2. Caching (Memoization)
HTTP Cache:
HashMap<URL, Response>
Request: GET /api/users/42
cache.get("/api/users/42")
-> HIT -> return cached response
-> MISS -> fetch from server,
store in cache
3. Database Indexing
Table: Students
+----+--------+-------+
| id | name | grade |
+----+--------+-------+
| 1 | Alice | A |
| 2 | Bob | B |
| 3 | Carlos | A |
+----+--------+-------+
Hash index on "id":
h(1)=5 h(2)=2 h(3)=0
SELECT * FROM Students WHERE id=2
-> hash(2) = 2 -> direct lookup!
-> No full table scan needed.
4. More Uses
Compilers: symbol tables (variable name -> type, scope)

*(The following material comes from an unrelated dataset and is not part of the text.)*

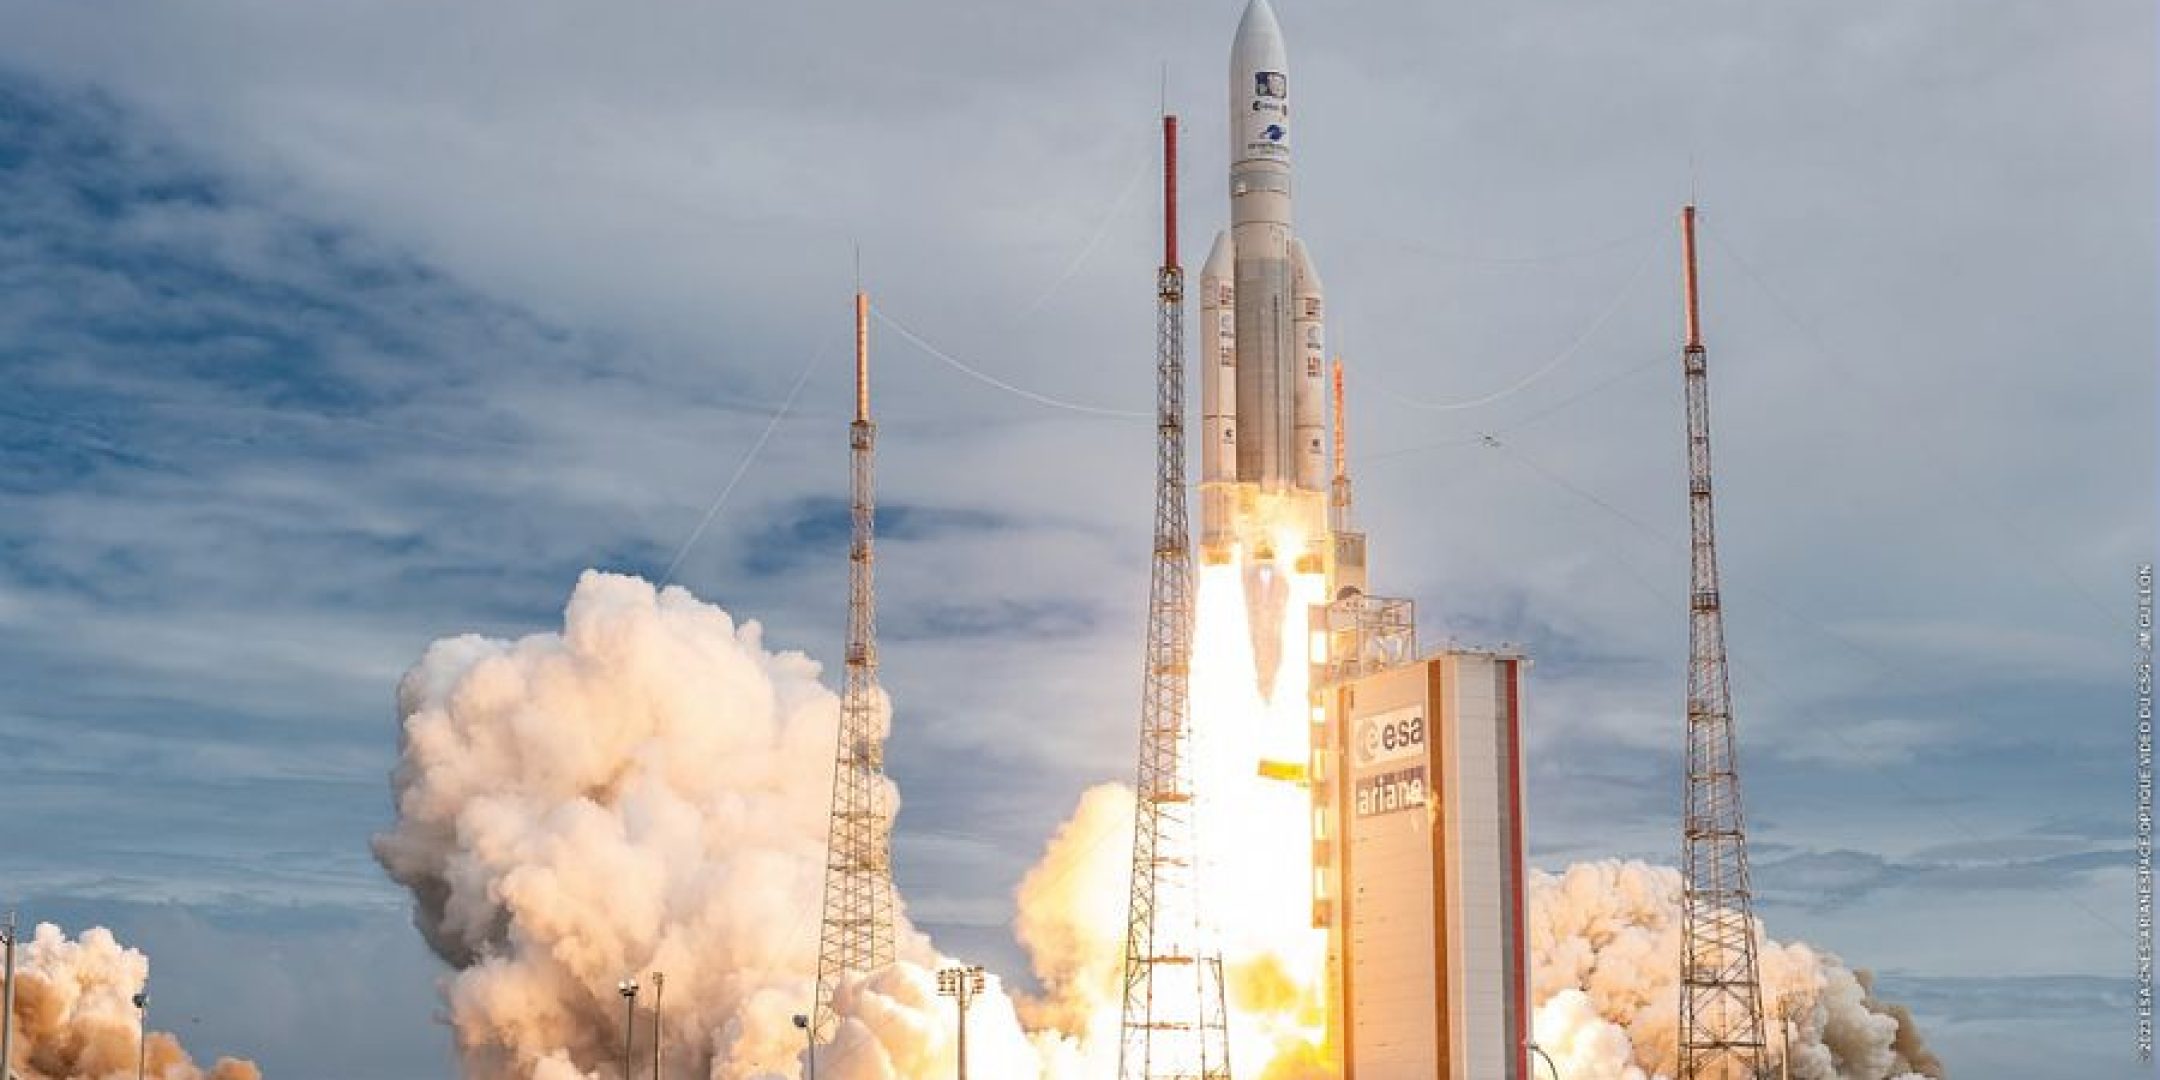 Decollage du lanceur Ariane 5 VA260 le 14 avril 2023 depuis le Centre spatial guyanais.

Le lanceur a place en orbite la sonde spatiale JUICE, (JUpiter ICy moons Explorer) qui rejoindra lorbite de Jupiter a l'issue d'un voyage de plus de sept annees. Ce lancement est le 1er de 2023 depuis le Centre spatial guyanais et la premiere mission de lannee pour Ariane 5.

Networking: routing tables, DNS caches
Deduplication: detect duplicate files by content hash
Counting: word frequency, vote tallying
Blockchain: transaction verification via hash chains
19 / 20
Summary & Cheat Sheet
HASH TABLE AT A GLANCE
==============================================
key --[hash func]--> index --[bucket]--> value
==============================================
Average: O(1) get / put / remove
Worst: O(n) if all keys collide
COLLISION STRATEGIES:
+------------------+------------------+
| Separate | Open |
| Chaining | Addressing |
+------------------+------------------+
| Linked list per | Store in array |
| bucket | itself |
| alpha can be > 1 | alpha must be <1 |
| Simpler deletes | Needs tombstones |
| Extra memory | Better cache |
| (pointers) | locality |
+------------------+------------------+
OPEN ADDRESSING VARIANTS:
+----------+--------+-----------+
| Linear | Quadr. | Double |
| h+i | h+i^2 | h+i*h2 |
| Clusters | Better | Best |
+----------+--------+-----------+
5 Things to Remember
Hash function: must be deterministic, uniform, and fast
Collisions: inevitable (pigeonhole principle) -- you must handle them
Load factor α = n/N controls performance; rehash before it gets too high
Tombstones: needed for deletion in open addressing
Average O(1) for all operations -- the best we can hope for with unsorted data
Final Analogy
A hash table is like a well-organized filing cabinet. The hash function is the labeling system that tells you exactly which drawer to open. When two files share a drawer (collision), you either stack them in that drawer (chaining) or find the next empty drawer (open addressing). And when the cabinet gets too full, you buy a bigger one and refile everything (rehash).